First, Aisino used the auto-update system in the Golden Spy software to propagate an uninstaller that removed the malware and any files or other traces of its existence. Their software uses a standard update procedure that can then be used to download malware or other unauthorized software at any time. A clean system today can be infected tomorrow. This means this software is a constant source of risk.

Second, Trustwave discovered a related but separate malware program concealed in the Golden Tax software. This malware, dubbed Golden helper, was active in 2018 and 2019. From this, Trustwave reasonably concludes that the tax software malware program is not a recent event, but has been going on for several years at least.

Third, Trustwave confirmed my earlier description of the technique used by the Chinese banks for delivering the Golden Tax software and its malware payload:

During our investigation, we have been informed that the Golden Tax software may be deployed in your environment as a stand-alone system provided by the bank. Several individuals report receiving an actual Windows 7 computer (Home edition) with this Golden Tax software (and GoldenHelper) preinstalled and ready to use. This deployment mechanism is an interesting physical manifestation of a trojan horse.

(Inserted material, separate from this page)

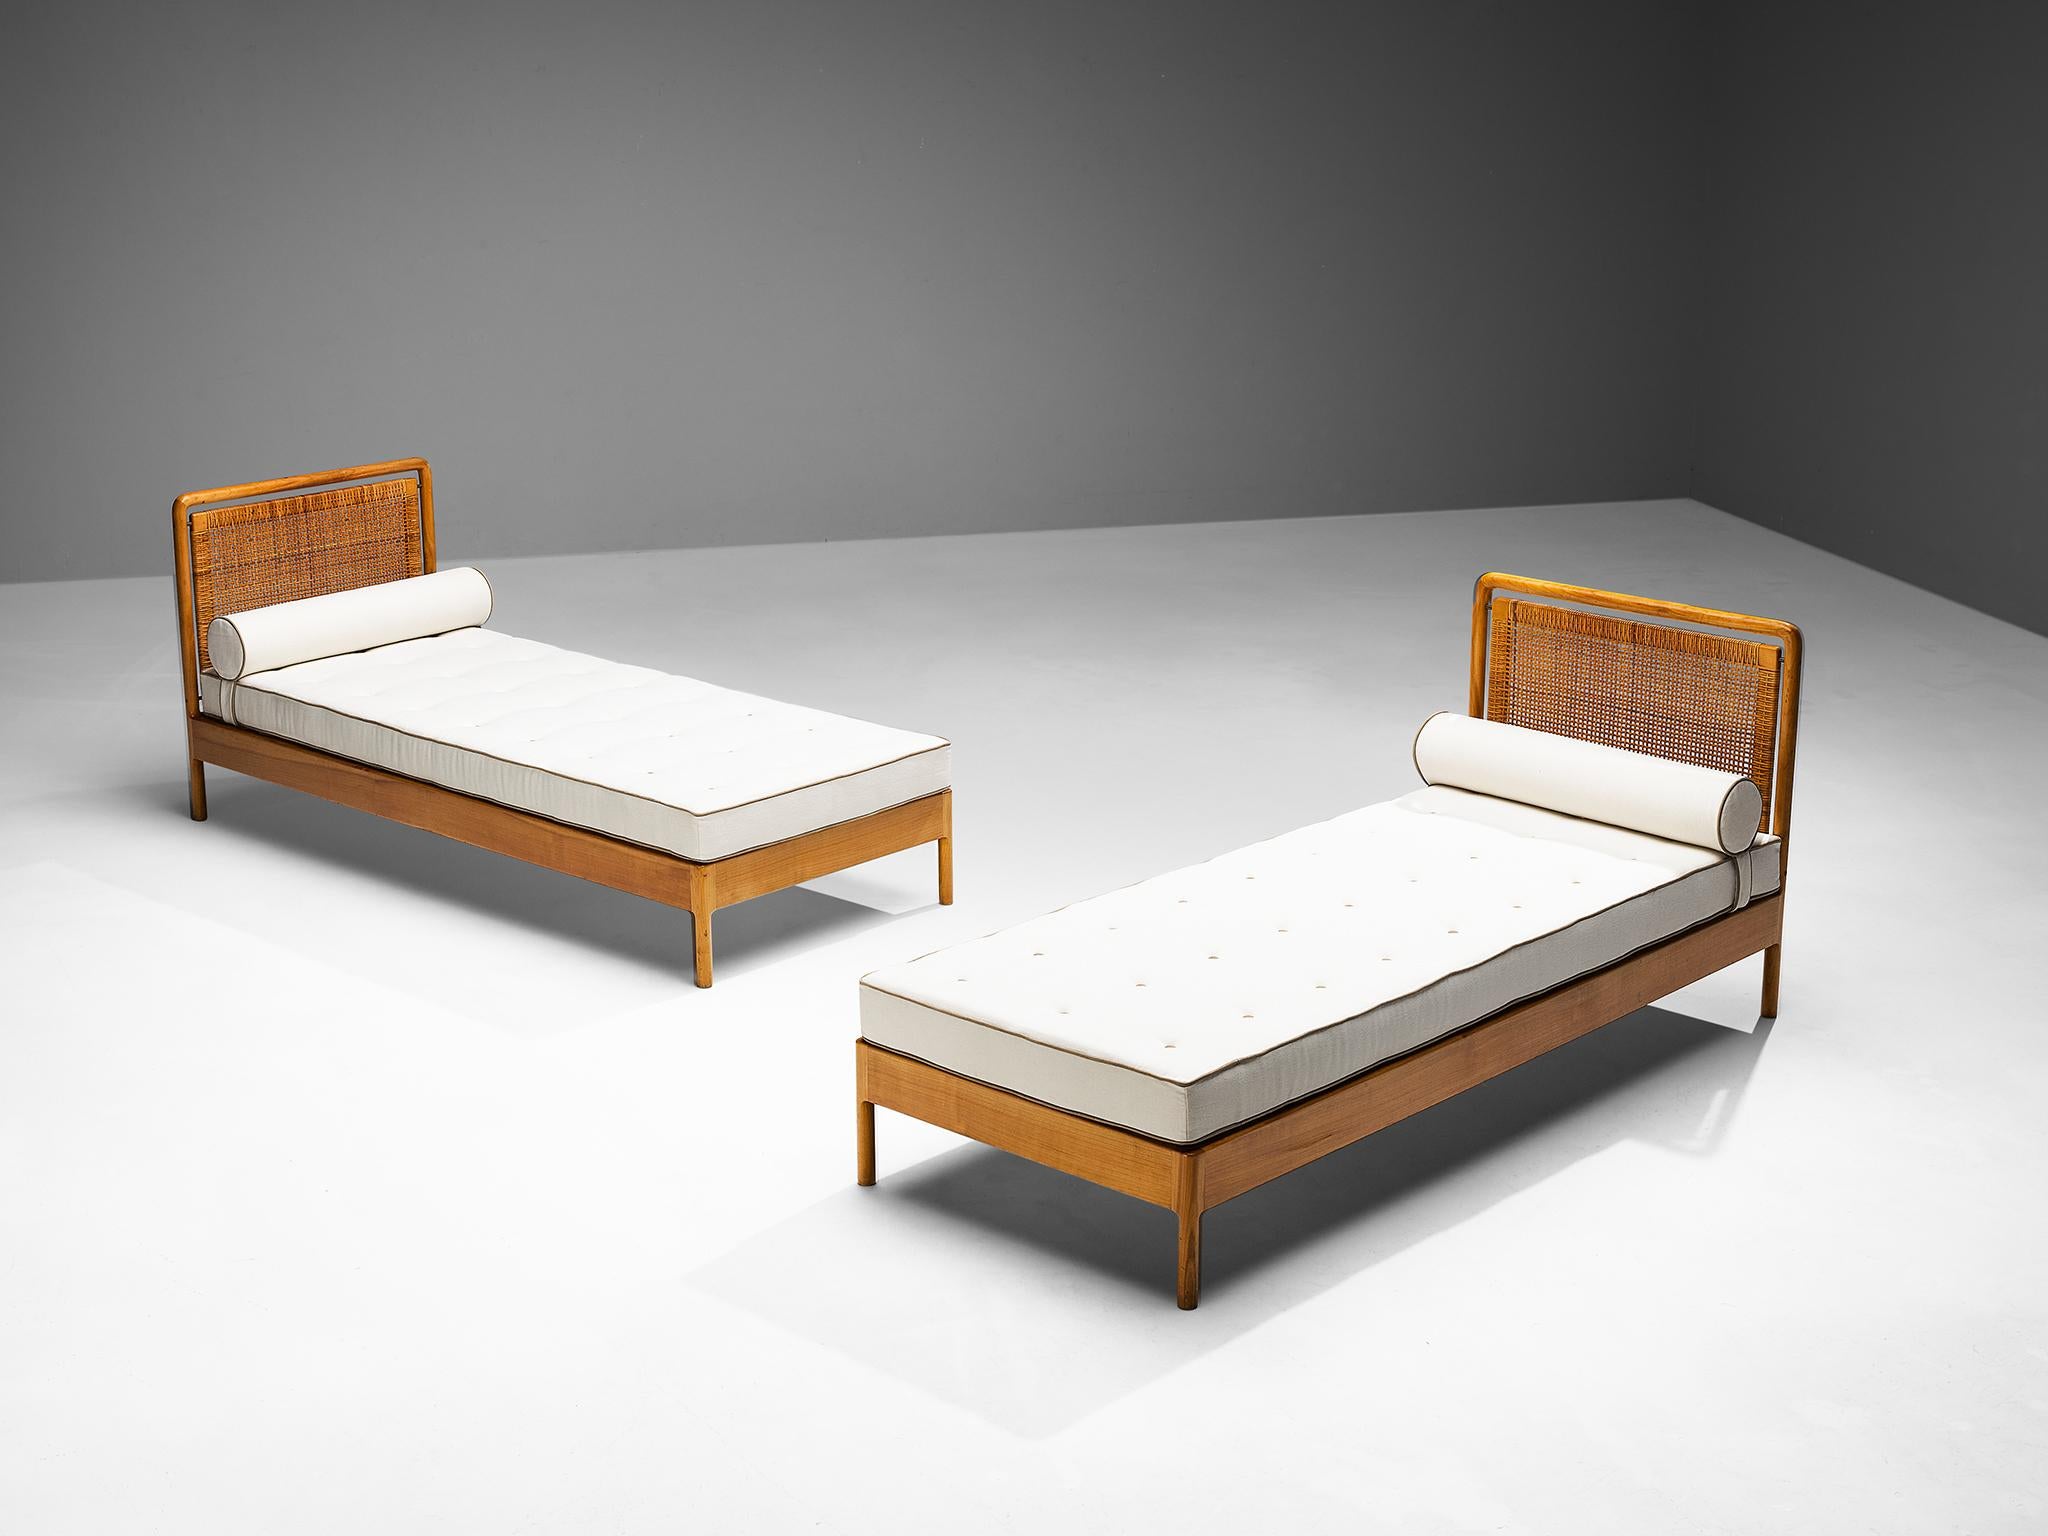 Liegestühle, Ulme, Schilfrohr, Skandinavien, 1950er Jahre.

Ein einfaches und minimalistisches Bettpaar, das in den 1950er Jahren in Skandinavien entworfen wurde. Die Konstruktion basiert auf klaren Linien und kantigen Formen. Sein schlichtes und

See GoldenSpy Chapter 4: GoldenHelper Malware Embedded in Official Golden Tax Software.
The description from Trustwave is basically the same as what I previously wrote here, even down to the use of the Windows 7 operating system. See The Chinese Government is Accessing YOUR Network Through the Backdoor and There Still is NO Place to Hide and China Malware: Sorry, Techno Geeks, There Still is no Place to Hide,

When I previously wrote of this prevalent and unstoppable CCP hacking, we received comments that none of this could be correct because it would mean the proliferation of compromised computer systems. It seems odd to people who don’t work in the PRC that the PRC government would require companies use an insecure computer system. But this is not odd when you consider the government’s goals. A compromised system is easy to hack. The government is the hacker, so they make it easy on themselves. The banks may be unaware of the details of the malware and the compromised system; the bank staff is just following orders.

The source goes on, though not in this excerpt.